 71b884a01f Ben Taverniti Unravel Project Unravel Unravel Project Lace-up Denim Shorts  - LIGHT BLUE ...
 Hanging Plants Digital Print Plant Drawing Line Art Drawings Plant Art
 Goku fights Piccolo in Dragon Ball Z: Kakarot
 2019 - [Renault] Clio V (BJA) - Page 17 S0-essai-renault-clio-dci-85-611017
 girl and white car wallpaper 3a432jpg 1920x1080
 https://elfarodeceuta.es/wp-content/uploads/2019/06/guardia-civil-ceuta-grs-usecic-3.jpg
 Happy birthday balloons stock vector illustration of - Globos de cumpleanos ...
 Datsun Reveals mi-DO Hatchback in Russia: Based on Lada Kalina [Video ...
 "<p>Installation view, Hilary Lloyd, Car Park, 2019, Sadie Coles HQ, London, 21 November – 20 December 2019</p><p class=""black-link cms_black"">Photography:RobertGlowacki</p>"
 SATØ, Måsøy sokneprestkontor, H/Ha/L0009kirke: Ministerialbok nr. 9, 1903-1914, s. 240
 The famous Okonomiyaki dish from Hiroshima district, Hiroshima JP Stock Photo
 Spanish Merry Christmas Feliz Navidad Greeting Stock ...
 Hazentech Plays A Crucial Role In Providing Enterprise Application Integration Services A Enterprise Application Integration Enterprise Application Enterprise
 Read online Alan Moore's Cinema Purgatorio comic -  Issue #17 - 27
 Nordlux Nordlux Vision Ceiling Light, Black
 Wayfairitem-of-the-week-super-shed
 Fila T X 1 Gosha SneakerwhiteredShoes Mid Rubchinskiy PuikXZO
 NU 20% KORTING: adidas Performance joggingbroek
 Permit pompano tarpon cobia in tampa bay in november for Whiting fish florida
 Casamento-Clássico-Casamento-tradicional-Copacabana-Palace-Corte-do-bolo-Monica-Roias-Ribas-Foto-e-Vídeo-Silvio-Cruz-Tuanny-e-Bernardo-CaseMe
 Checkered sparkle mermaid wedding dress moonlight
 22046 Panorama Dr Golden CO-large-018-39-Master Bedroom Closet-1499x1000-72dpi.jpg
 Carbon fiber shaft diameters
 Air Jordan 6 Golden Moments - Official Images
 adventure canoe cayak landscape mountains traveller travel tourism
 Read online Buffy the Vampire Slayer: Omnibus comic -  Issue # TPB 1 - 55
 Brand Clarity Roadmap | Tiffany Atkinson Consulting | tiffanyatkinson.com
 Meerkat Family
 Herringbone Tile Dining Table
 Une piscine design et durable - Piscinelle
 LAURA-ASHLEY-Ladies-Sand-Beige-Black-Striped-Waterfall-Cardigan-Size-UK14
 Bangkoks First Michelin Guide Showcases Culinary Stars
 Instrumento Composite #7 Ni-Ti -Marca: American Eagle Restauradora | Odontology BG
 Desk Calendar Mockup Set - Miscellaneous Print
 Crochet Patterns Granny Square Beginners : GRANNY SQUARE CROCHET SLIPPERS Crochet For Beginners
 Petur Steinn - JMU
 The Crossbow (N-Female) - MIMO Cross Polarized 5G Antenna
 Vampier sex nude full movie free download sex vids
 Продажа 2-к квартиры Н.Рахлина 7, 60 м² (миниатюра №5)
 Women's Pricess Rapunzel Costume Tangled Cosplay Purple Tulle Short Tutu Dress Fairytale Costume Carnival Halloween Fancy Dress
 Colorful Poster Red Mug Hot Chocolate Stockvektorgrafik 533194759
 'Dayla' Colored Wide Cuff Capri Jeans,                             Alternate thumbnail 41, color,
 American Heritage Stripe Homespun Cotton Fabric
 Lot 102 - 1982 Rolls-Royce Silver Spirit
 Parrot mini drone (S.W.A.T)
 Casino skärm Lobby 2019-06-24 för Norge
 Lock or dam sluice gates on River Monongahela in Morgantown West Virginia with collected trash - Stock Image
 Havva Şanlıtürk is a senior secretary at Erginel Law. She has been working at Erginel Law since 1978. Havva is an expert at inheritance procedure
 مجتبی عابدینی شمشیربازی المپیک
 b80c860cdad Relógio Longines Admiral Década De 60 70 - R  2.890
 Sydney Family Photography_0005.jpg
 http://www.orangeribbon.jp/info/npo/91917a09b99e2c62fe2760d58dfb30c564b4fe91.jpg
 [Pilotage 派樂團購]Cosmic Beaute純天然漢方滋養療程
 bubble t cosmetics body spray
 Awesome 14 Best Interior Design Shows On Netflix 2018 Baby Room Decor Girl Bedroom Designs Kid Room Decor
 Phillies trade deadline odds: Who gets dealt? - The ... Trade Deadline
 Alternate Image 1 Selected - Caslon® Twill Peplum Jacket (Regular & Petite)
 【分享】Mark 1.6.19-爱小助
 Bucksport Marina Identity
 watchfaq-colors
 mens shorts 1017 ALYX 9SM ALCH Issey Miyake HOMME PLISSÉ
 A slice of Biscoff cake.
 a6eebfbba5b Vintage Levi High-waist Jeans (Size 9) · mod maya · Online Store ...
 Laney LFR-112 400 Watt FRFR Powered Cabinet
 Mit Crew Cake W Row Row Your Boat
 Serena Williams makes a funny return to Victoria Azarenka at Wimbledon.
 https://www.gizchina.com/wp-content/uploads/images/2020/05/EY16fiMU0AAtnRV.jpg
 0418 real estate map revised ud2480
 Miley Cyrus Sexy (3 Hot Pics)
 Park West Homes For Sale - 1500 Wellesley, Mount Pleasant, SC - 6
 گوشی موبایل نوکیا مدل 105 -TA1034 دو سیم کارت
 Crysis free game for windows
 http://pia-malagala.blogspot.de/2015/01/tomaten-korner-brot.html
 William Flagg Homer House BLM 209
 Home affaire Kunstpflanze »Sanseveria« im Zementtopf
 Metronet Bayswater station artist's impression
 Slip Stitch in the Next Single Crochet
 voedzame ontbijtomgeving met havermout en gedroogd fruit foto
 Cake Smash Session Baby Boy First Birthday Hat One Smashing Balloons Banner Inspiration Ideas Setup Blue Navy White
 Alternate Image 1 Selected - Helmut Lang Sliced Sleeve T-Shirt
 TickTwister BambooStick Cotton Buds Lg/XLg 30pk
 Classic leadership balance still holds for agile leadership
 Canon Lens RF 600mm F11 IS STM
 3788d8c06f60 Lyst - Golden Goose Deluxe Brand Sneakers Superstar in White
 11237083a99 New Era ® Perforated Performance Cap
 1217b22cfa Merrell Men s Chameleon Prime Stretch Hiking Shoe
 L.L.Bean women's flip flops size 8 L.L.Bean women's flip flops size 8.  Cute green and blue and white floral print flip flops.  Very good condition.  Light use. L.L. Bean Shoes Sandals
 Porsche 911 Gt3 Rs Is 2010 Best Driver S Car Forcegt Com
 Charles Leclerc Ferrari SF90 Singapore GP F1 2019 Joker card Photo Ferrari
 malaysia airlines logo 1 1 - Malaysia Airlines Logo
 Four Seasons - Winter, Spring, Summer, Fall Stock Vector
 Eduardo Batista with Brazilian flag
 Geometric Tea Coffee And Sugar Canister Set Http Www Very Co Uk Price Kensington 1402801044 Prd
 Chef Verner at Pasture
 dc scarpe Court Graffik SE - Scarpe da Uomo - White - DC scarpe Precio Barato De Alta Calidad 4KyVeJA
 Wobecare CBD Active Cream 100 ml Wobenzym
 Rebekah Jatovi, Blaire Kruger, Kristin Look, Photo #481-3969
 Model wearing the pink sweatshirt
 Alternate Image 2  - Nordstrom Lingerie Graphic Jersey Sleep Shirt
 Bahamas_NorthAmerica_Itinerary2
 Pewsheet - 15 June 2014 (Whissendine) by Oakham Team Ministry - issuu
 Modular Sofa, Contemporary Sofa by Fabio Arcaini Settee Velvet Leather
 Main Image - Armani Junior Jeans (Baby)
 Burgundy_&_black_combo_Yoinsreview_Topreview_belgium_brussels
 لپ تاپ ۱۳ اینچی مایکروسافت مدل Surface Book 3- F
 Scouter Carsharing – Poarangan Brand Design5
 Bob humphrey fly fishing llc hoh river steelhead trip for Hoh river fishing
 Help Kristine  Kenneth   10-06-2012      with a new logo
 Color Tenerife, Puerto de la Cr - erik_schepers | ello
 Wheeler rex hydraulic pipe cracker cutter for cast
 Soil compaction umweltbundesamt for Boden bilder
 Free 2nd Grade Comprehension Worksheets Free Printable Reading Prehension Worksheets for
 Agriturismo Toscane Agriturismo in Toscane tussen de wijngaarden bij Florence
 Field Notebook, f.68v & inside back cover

━━━

- _Your assignment_
Give back precisely the lines above that start at the line containing "Alternate Image 1 Selected - Caslon®" and end at the line containing "A slice of Biscoff cake.", inclusive. No other lines belong in the output.

- _Answer to this problem_
 Alternate Image 1 Selected - Caslon® Twill Peplum Jacket (Regular & Petite)
 【分享】Mark 1.6.19-爱小助
 Bucksport Marina Identity
 watchfaq-colors
 mens shorts 1017 ALYX 9SM ALCH Issey Miyake HOMME PLISSÉ
 A slice of Biscoff cake.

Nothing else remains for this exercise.